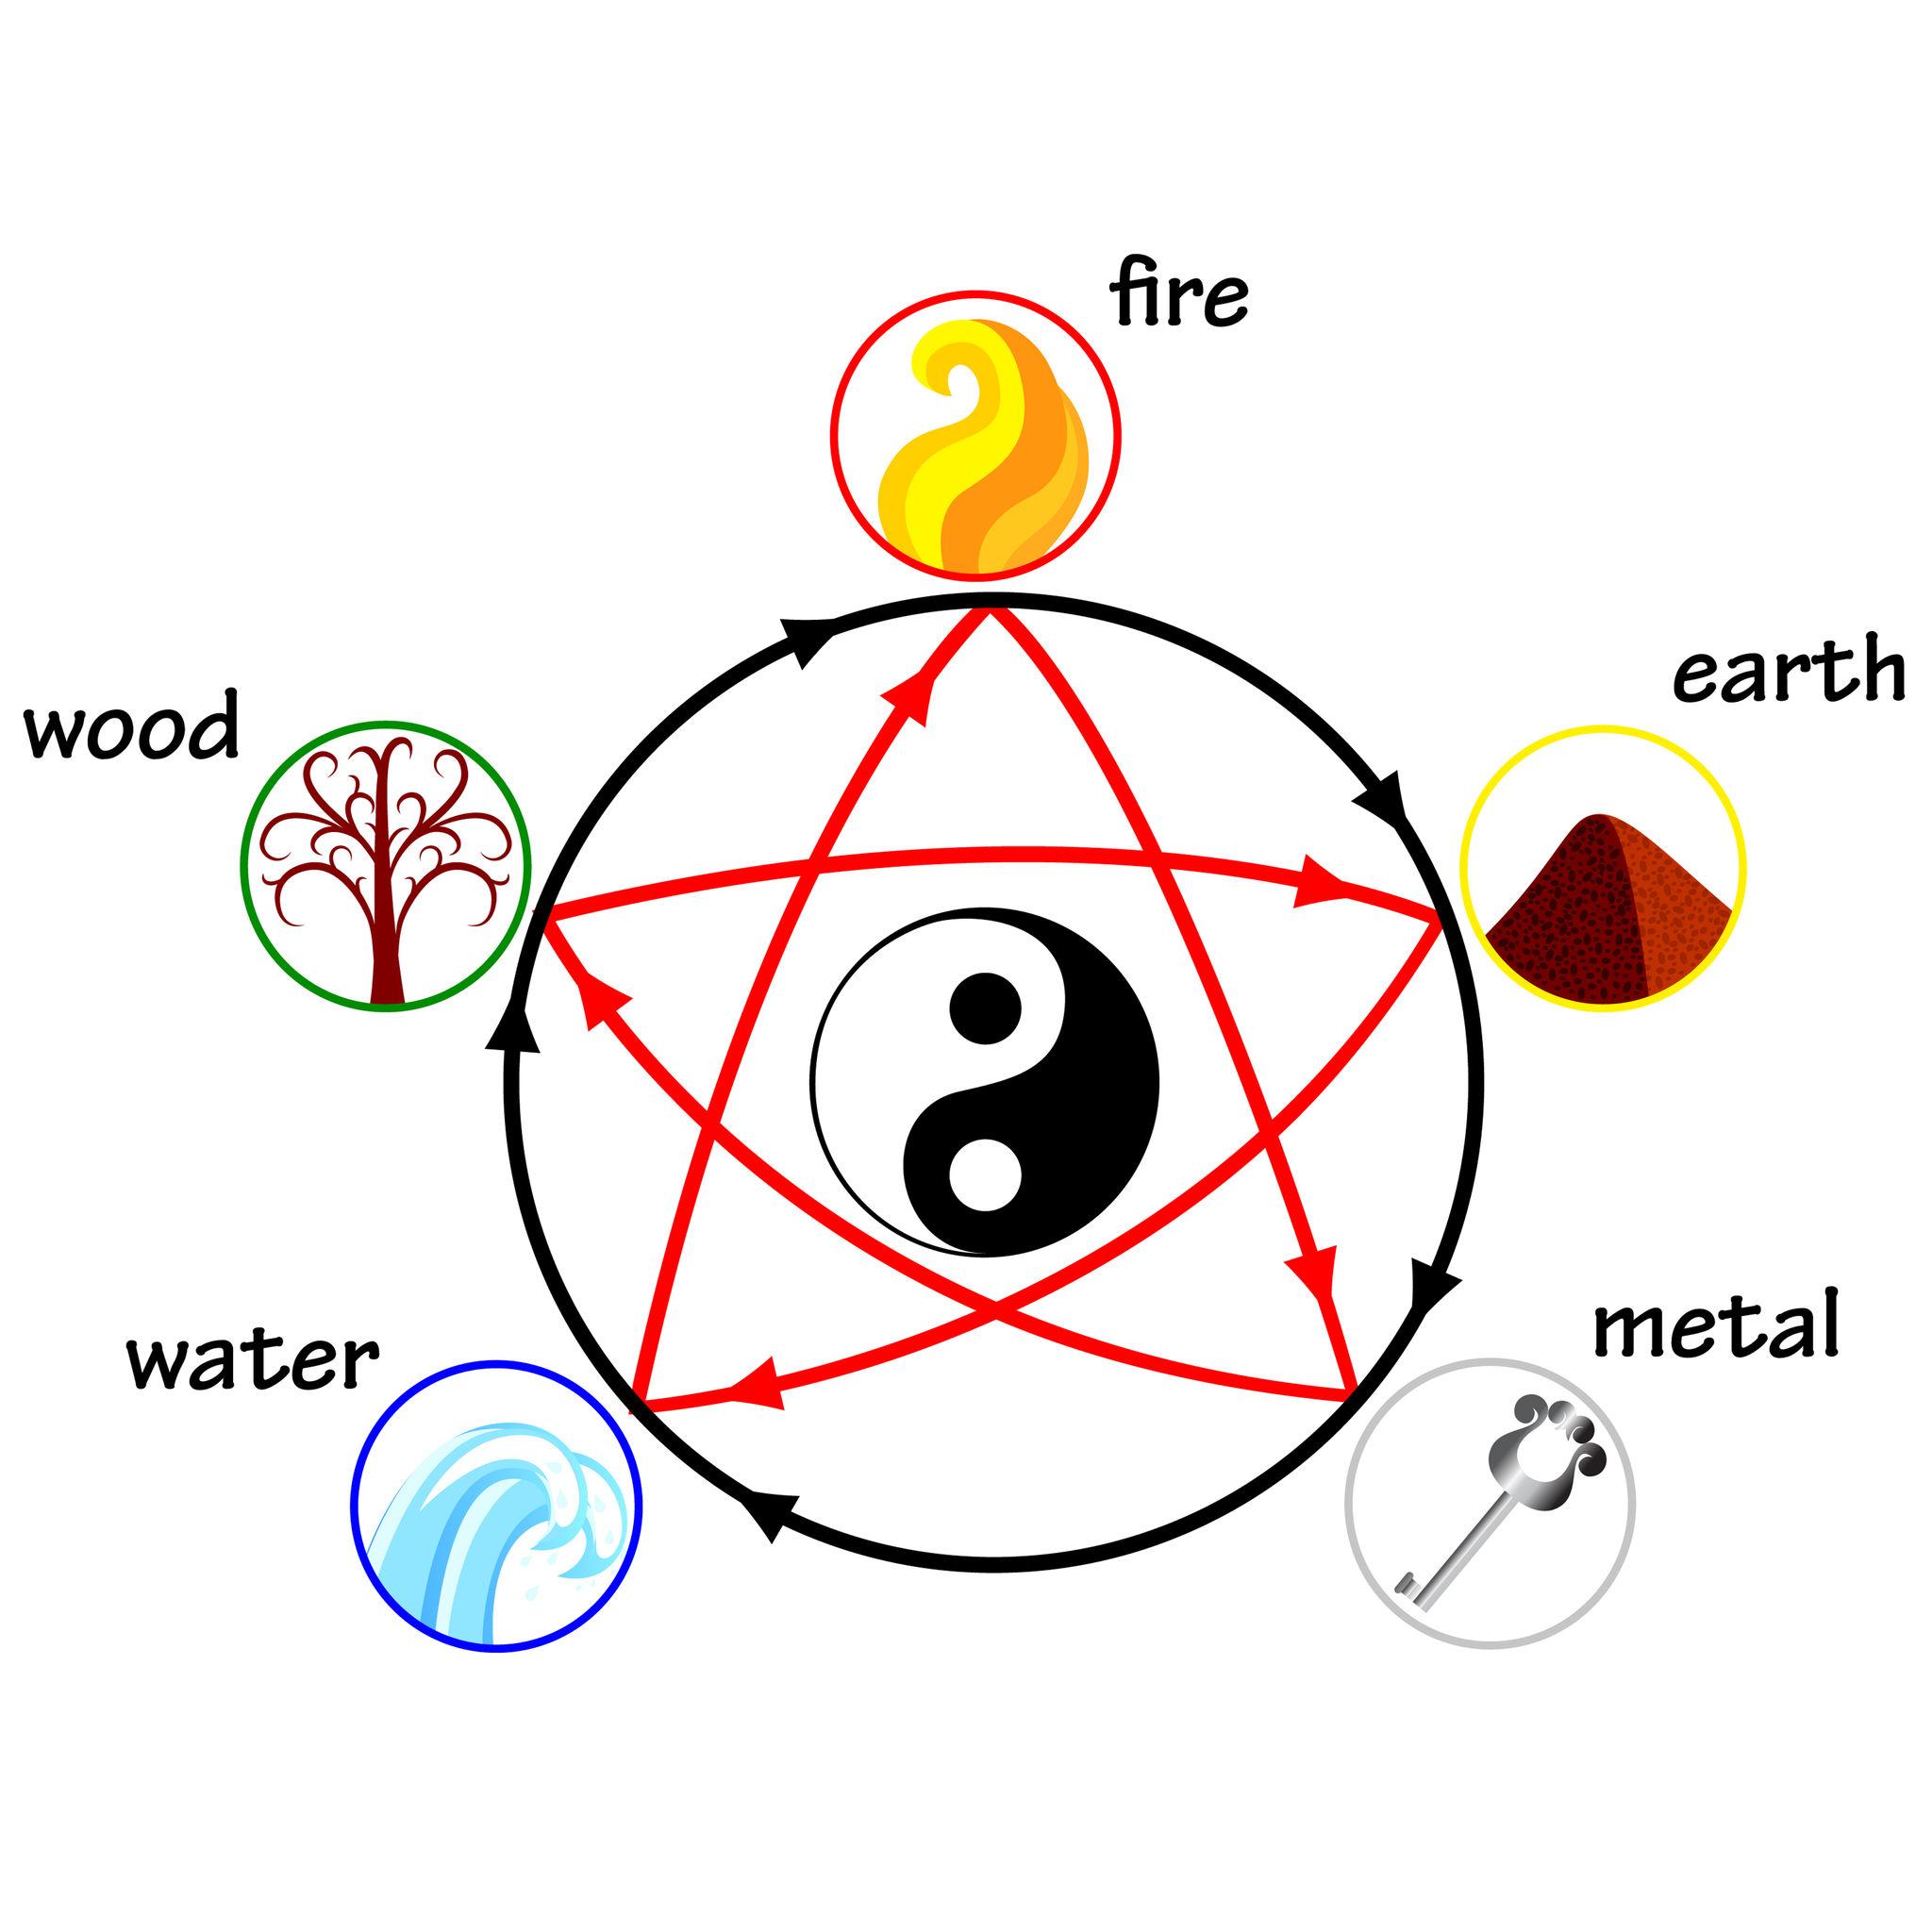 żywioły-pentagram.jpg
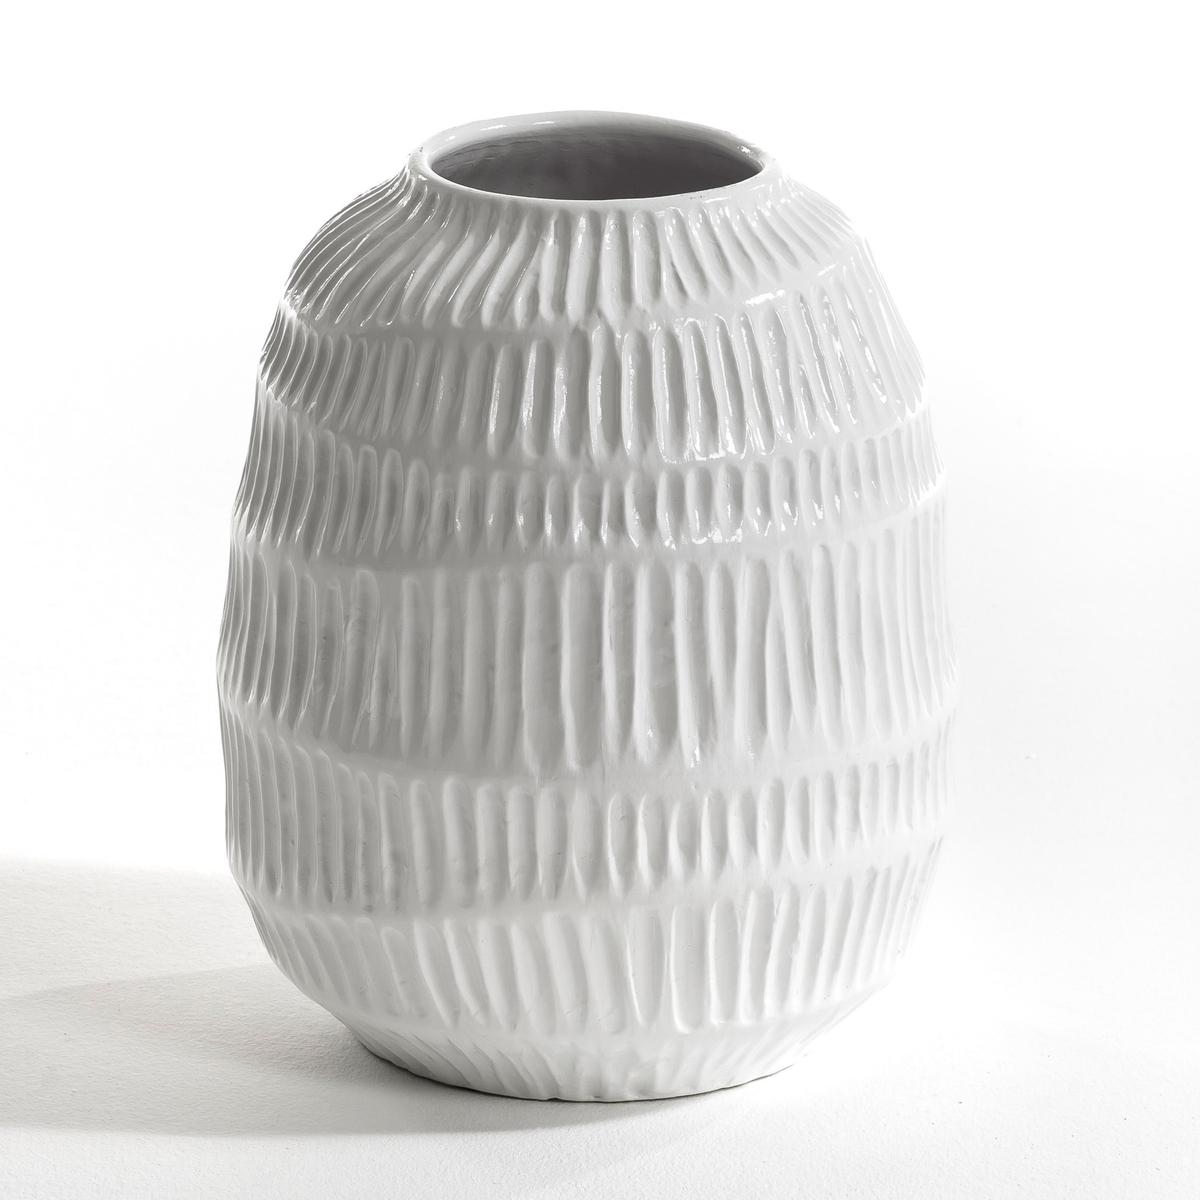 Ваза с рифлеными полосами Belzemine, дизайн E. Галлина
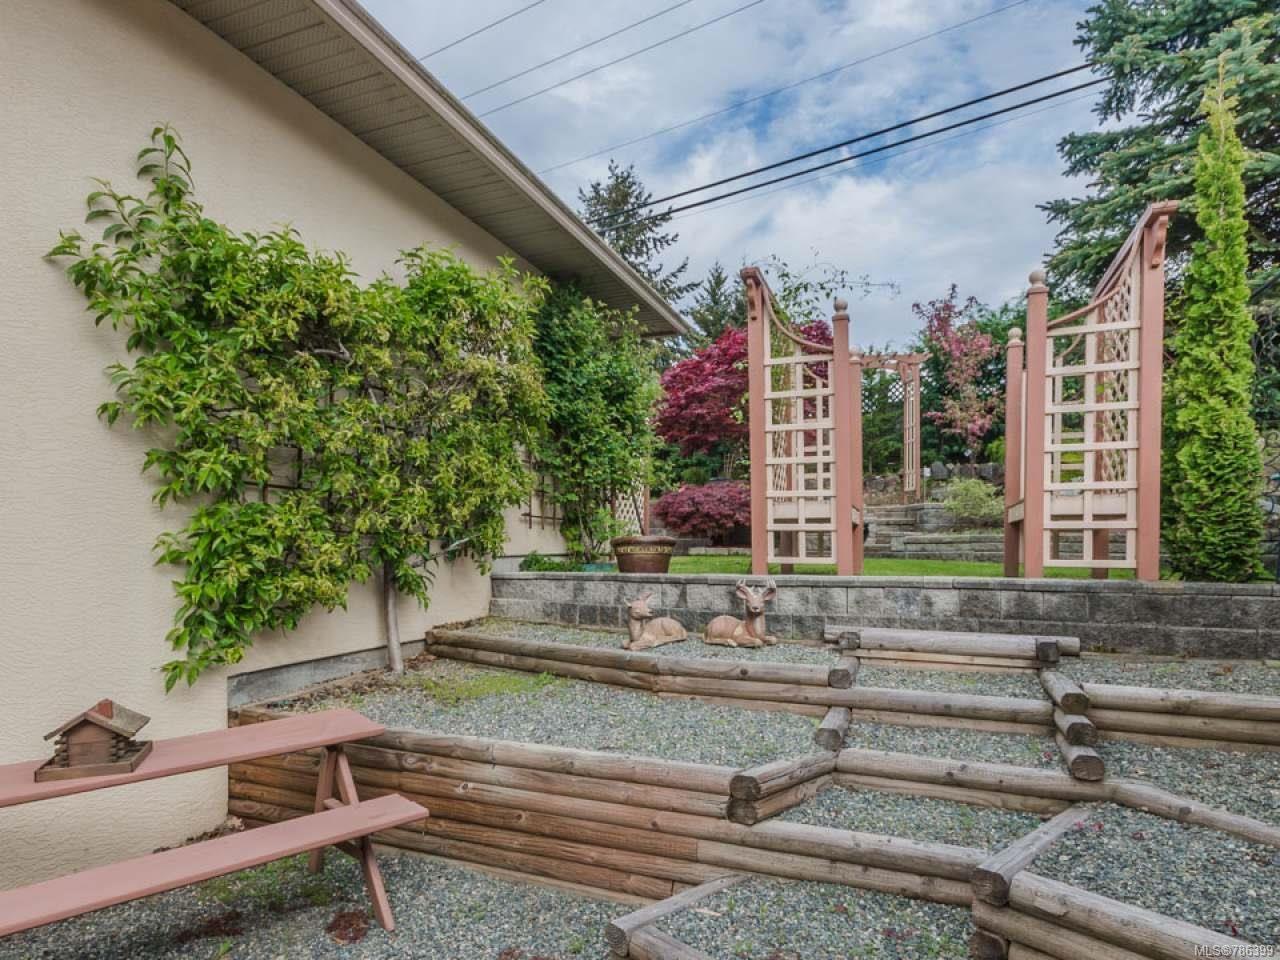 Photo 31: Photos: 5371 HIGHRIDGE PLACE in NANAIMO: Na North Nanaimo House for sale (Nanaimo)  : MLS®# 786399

* What needs to be done *
Once the pictures are set aside, restate the remaining data above exactly.

* Response *
 żywioły-pentagram.jpg
 Ваза с рифлеными полосами Belzemine, дизайн E. Галлина
 Photo 31: Photos: 5371 HIGHRIDGE PLACE in NANAIMO: Na North Nanaimo House for sale (Nanaimo)  : MLS®# 786399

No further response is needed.